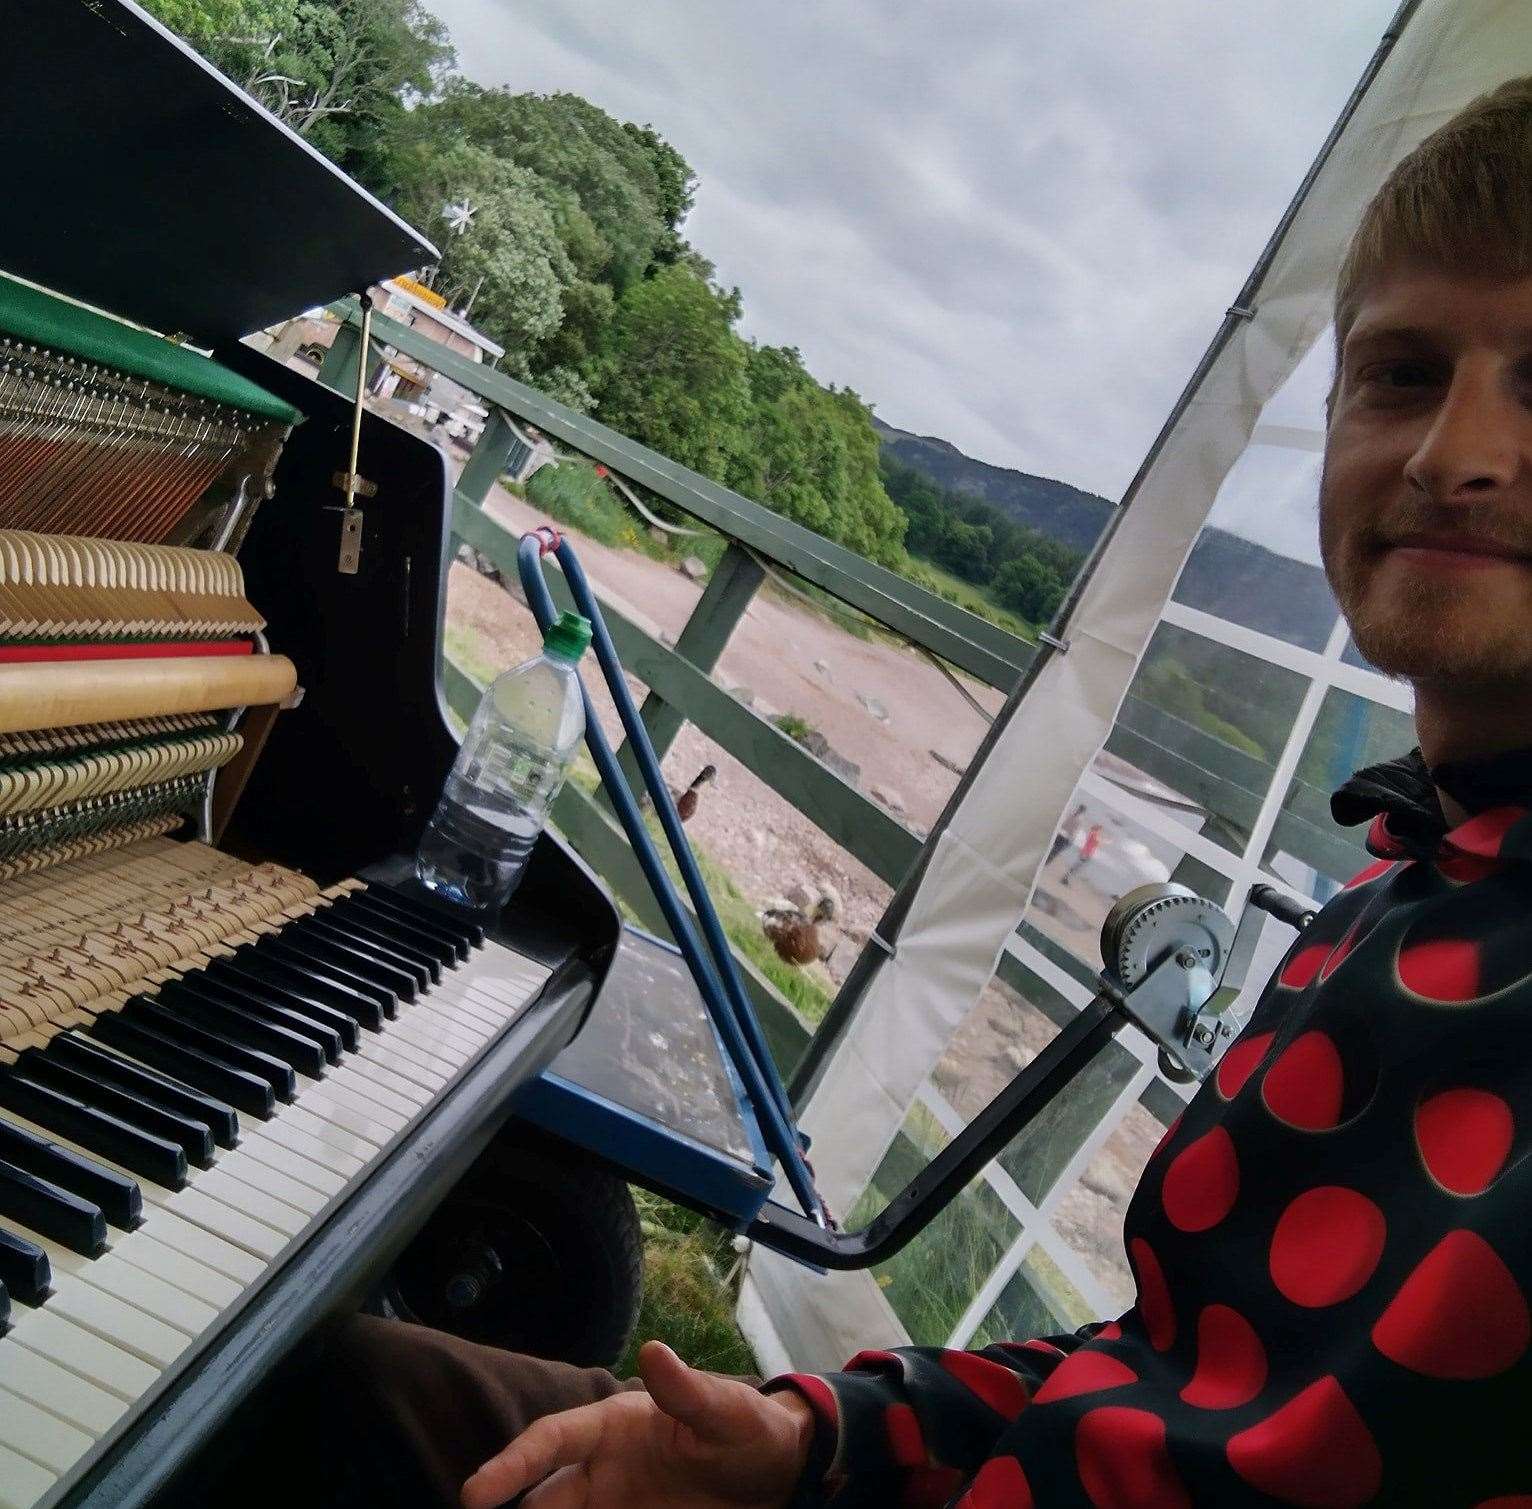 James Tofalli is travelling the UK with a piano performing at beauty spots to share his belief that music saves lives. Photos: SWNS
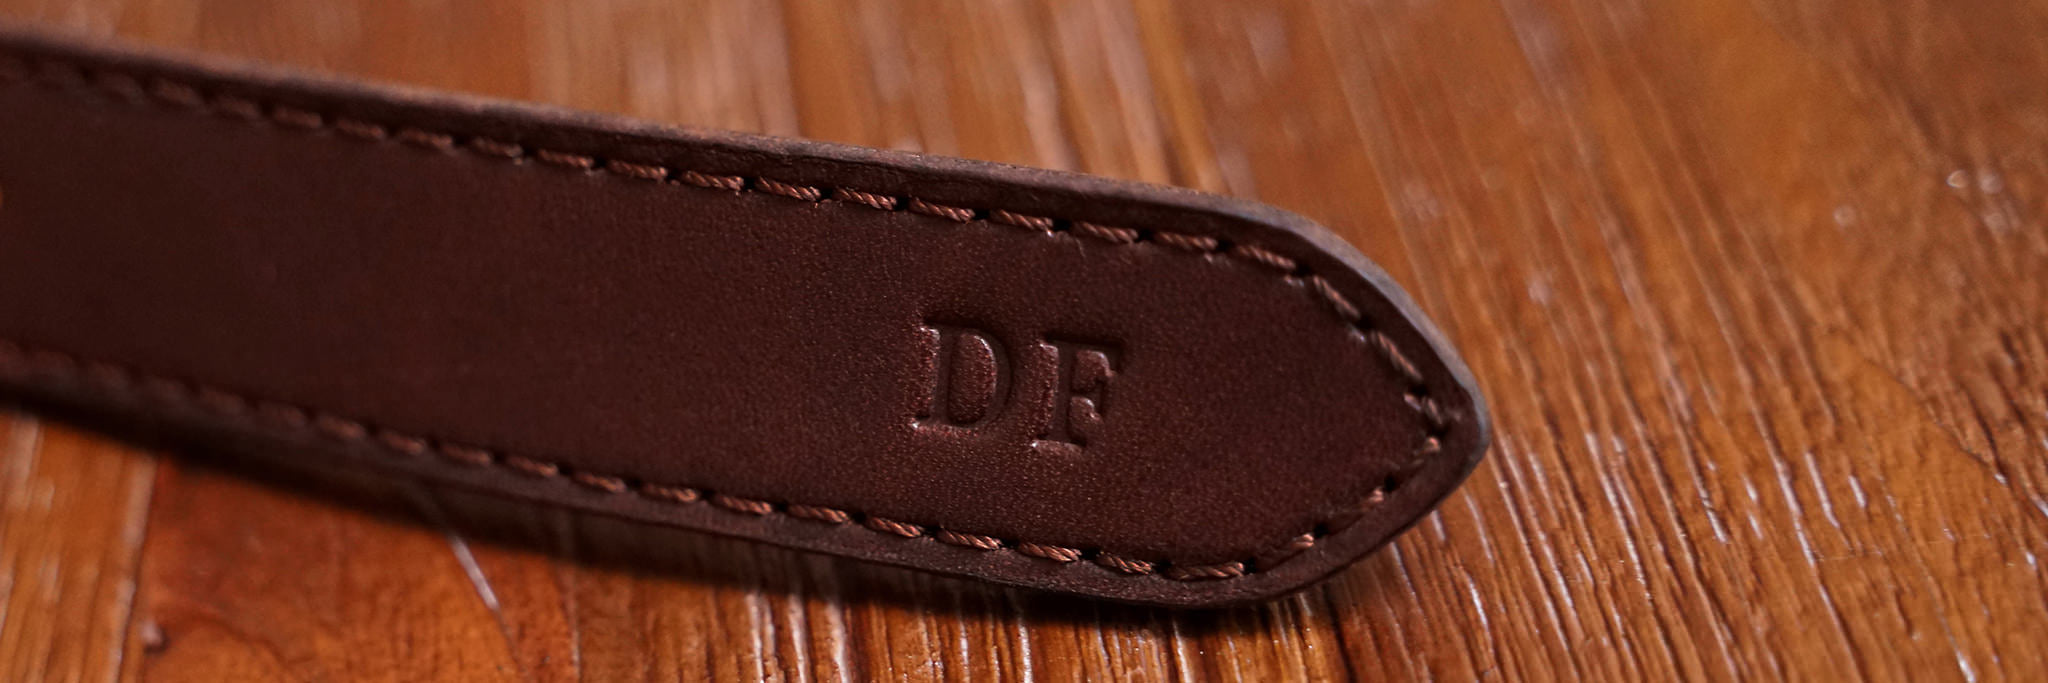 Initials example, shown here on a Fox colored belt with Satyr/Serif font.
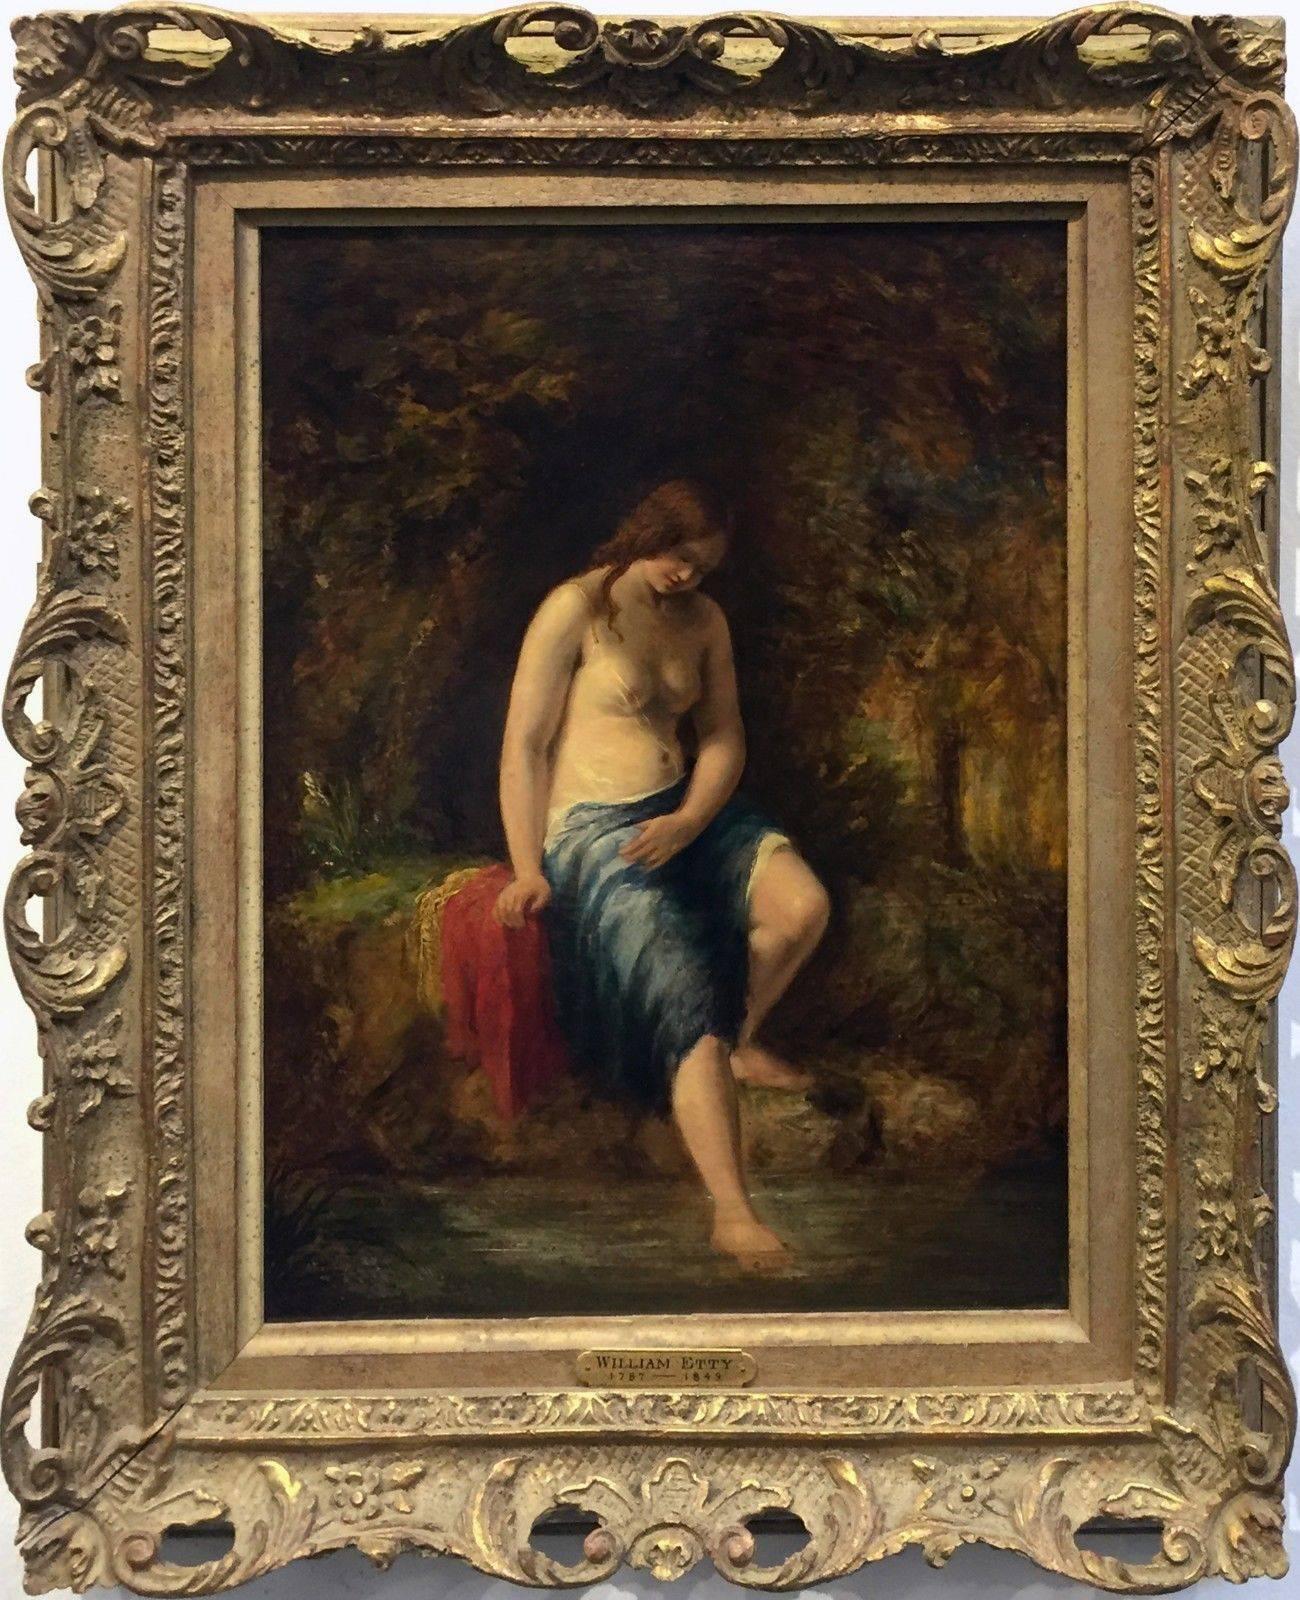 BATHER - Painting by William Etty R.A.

::::

◆ **Exercise requirements**: What you give back should be exactly the lines from the line holding "Initials example, shown" through the final line of the material, both ends included, and please leave out the pictures.

◆ **Exercise response**:
 Initials example, shown here on a Fox colored belt with Satyr/Serif font.
 BATHER - Painting by William Etty R.A.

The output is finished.